BB ist ein dreitägiges Aktions- Musik- und Kunstgrossraumereigniss am sog. BLOCKBAU
(s. blockbau.org) in der Stockmyerstrasse, Hamburg-Mitte, Nähe Oberhafenkantine / Deichtorhallen.
Das gut verborgene, und weiträumige Areal plus 35qm grosse Holzhütte beherbergte und beförderte in den Jahren 2000 - 02 verschiedenste Aktivitäten und Unternehmungen von im weitesten Sinne kulturell-sozial-populär orientierten Personen, Gruppen und Organisationen.
Dieses Jahr jährt der Beginn der Idee eines OpenSpaces / Sources zum nunmehr 7.mal, gleichwohl der Ort seit Sommer 2002 nicht mehr (öffentlich) bespielt wurde, nichts desto trotz eine anstossende Wirkung auf eine Vielzahl von Personen, Handlungen, Projekten und Initiativen besaß und immer noch ausübt.
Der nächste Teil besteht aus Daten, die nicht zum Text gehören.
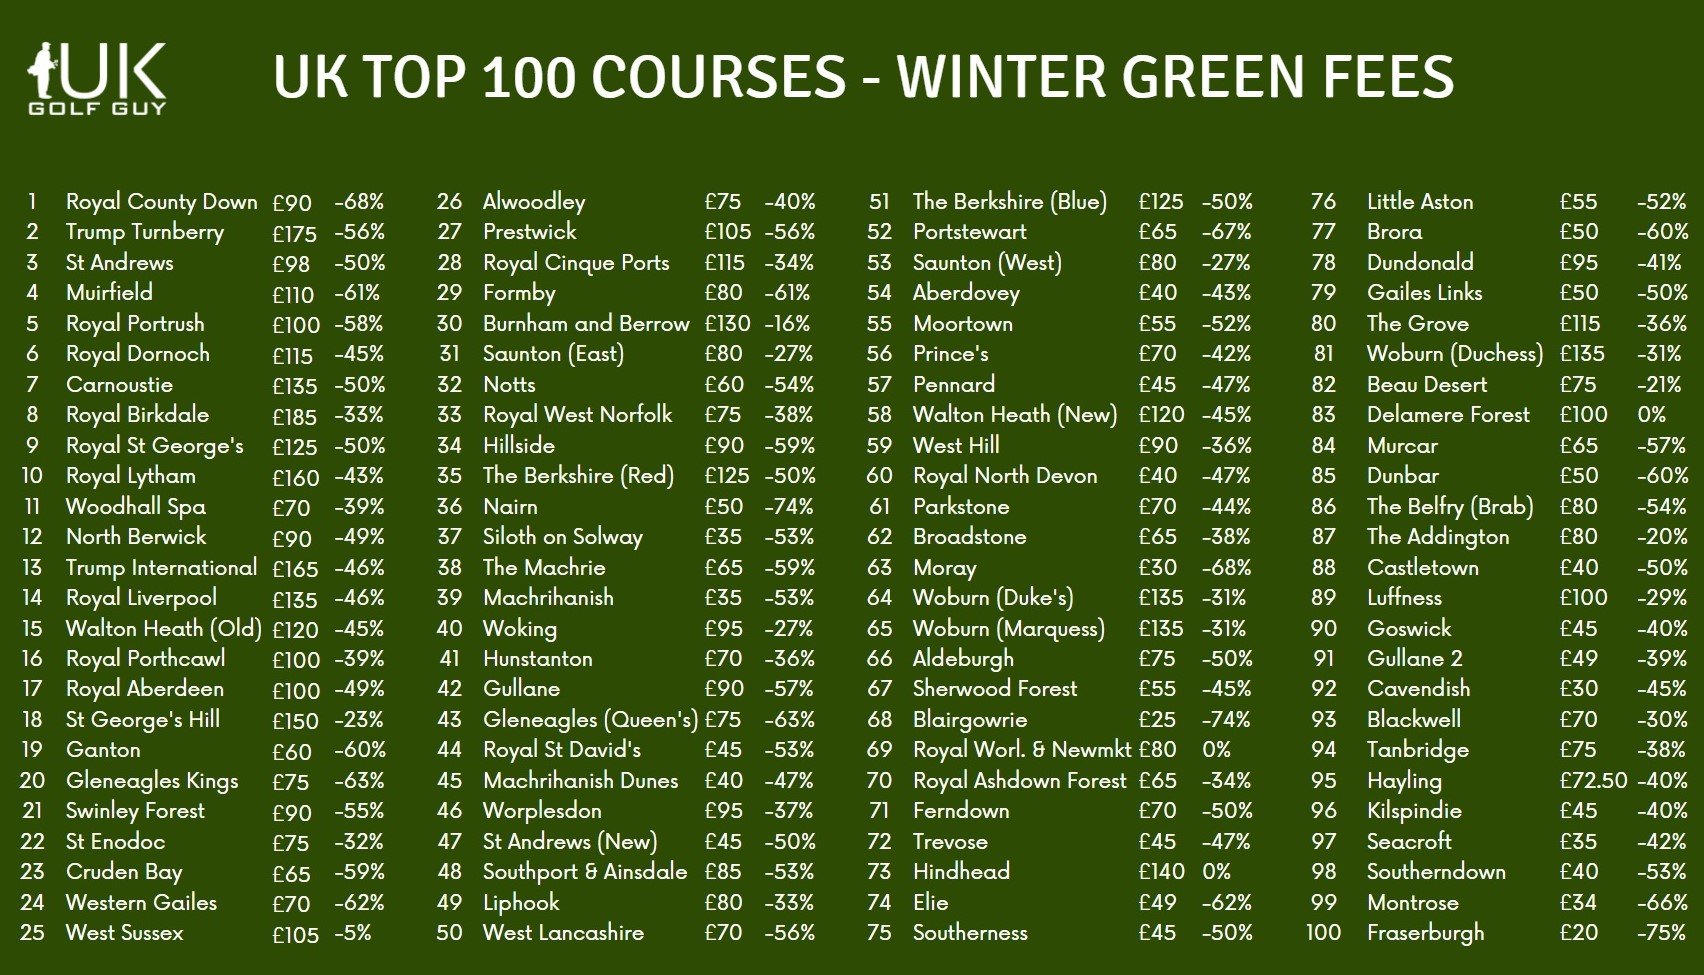 Winter Green fee deals at the UK's Top 100 — UK Golf

Im Zuge dieser Konkurrenzen und Kooperationen enstand ein heterogenes Netzwerk unterschiedlichst orientierter und manifestierter, ausgebildeter Kreateure, um deren Willen selbst und nicht zuletzt aus unserer tiefen Überzeugung heraus, dem Ort seine Würdigung im Auftrage der freien, geistigen und körperlichen Entfaltung und Formulierung zu erbringen.
Es gilt wieder an alter Spielstätte das Neue, die Zeit und den Widerstand qua einer sich zunehmend elitär und ausschliessend agierenden und selbst sich institutionalisierenden Kulturlandschaft und zu beschwören.
Insbesondere wird der interdisziplinäre, szeneübergreifende Charakter der BLOCKBAU-Projekte während 3er Tage BLOCKBAU BLEIBT! reaktiviert.
Die diesjährig stattfindende Veranstaltung führt wiederum Menschen, Produzenten, Literaten, Cineasten, Bildende, Darstellende -Künstler, Musiker, Terror, Horror, Spezialisten unter einen Dach zusammen.
Dabei wird der Kern, der Schwerpunkt von BLOCKBAU BLEIBT! in der Durchführung einer festivalähnlichen Situation mit einem breiten Spektrum sowohl an musikalischer als auch performativer Beiträgen liegen (s. Programm).
Die Absicht der verantwortlichen Planungsebene BLOCKBAU BLEIBT! besteht in der Zusammenkunft von Menschen vielschichtiger Herkunft und Funktion an einen öffentlichen Ort, der Initiierung eines gemeinschaftlichen Erlebnisses mit den zur Verfügung stehenden Mittel seiner Protagonisten.
Die Programmatik des Ortes und seiner Akteure:
Gleichberechtigung und Eigenverantwortung in gesellschaftlichen Prozessen symbolhaft darstellen und Handlungen vollführen, die über den bloßen Selbstdarstellungsakt hinausreichen.